Бедный мой чёрный Тоби, куда мне тебя девать, ведь мы отправляемся в Байрет! Марта объявила мне об отъезде с такой весёлой решимостью, что я даже не стала спорить! Ба, да я возьму тебя с собой, так будет проще всего, да и честнее. Я же обещала тебе, что мы больше никогда не расстанемся. Я уже привыкла к твоему молчаливому обожанию, мне необходимо видеть рядом с моей длинной тенью твою короткую квадратную тень. Ты так любишь меня, что никогда не потревожишь мой сон, для тебя священны моя печаль и моё молчание, и я тоже люблю тебя, мой маленький чудный пёсик, мой верный страж. Мне становится весело, как в прежние юные годы, когда я вижу, как ты чинно выступаешь рядом со мной, держа в широко разинутой пасти большое зелёное яблоко, с которым ты можешь носиться целый день, или как ты упорно стараешься выцарапать когтями цветы на ковре. Ты ведь живёшь, мой милый наивный пёсик, в окружении тайн и загадок.
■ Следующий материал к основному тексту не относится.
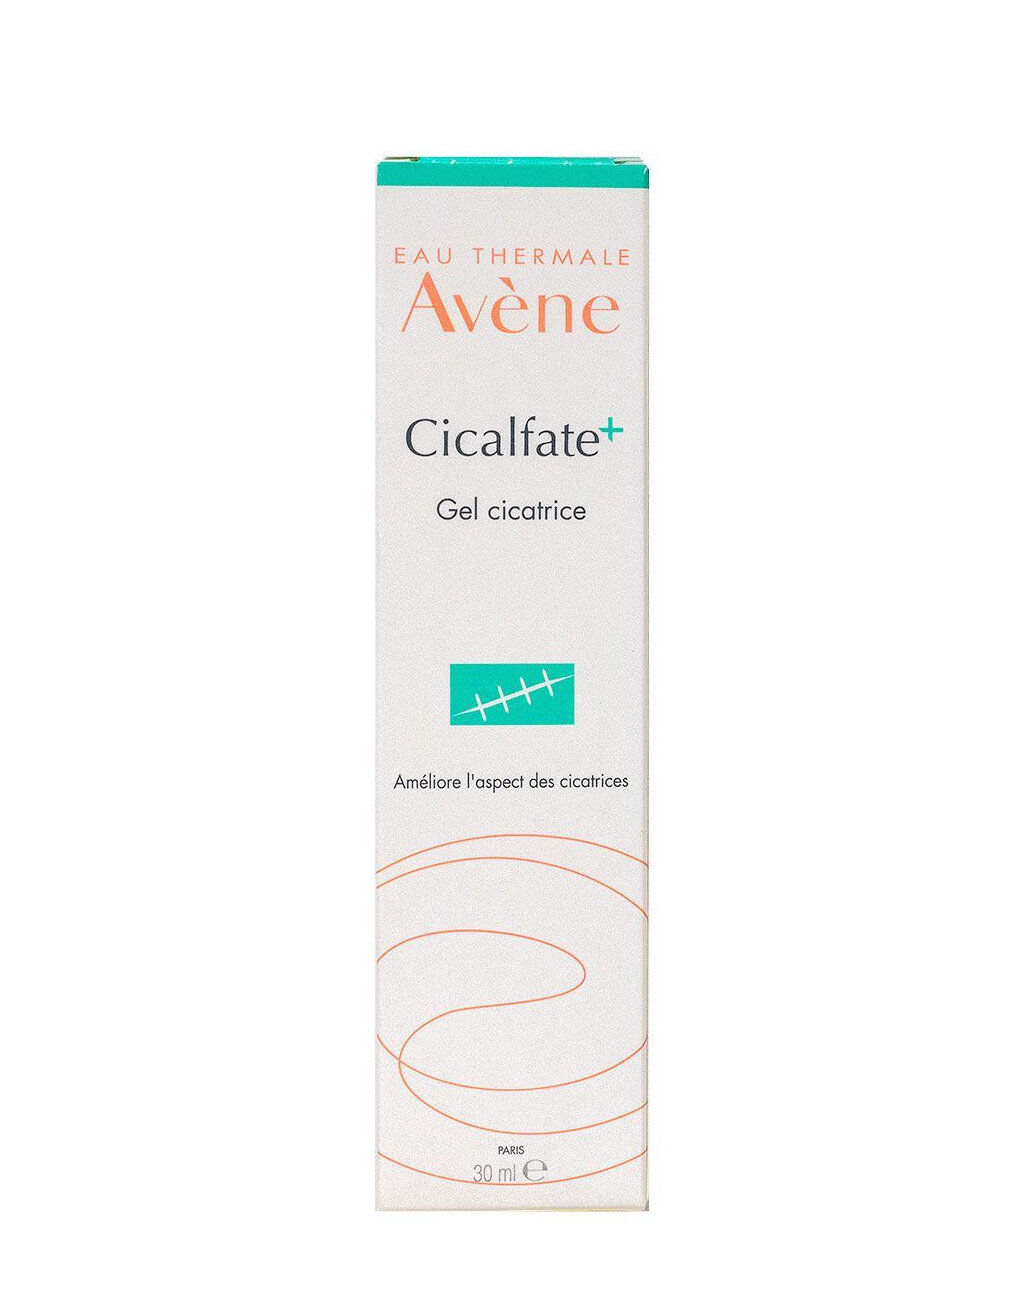 AVÈNE Cicalfate+ Gel Cicatrice 30ml

Тайна ярких цветов на обивке кресел, лукавство зеркала, откуда за тобой следит чёрненький бульдог – твой двойник, коварство кресла-качалки, которое отступает, как только ты дотрагиваешься до него лапой… Но ты не стремишься во что бы то ни стало проникнуть в глубины этих тайн. Ты вздыхаешь, злишься иногда, а иногда сконфуженно улыбаешься и снова берёшься за своё жёваное зелёное яблоко.
Ведь всего каких-то неполных два месяца назад я тоже говорила себе: «Всё идёт так, как положено. Мой повелитель лучше меня знает, что надо делать». А теперь меня мучают ужасные мысли, я бегу от самой себя. Бегу от самой себя! Постарайся понять, мой маленький доверчивый пёсик, полный той веры, которую утратила я, истинный смысл этих слов. Право, для меня лучше, во сто крат лучше, заносить всякий вздор в свою тетрадь или слушать Клодину и Каллиопу, чем слишком долго оставаться наедине со своими горькими мыслями…
Теперь у нас только и разговоров, что о нашем путешествии. Каллиопа все уши мне прожужжала, её очень огорчает наш отъезд, она без конца повторяет: «Силы небесные!» и «poulaki mou».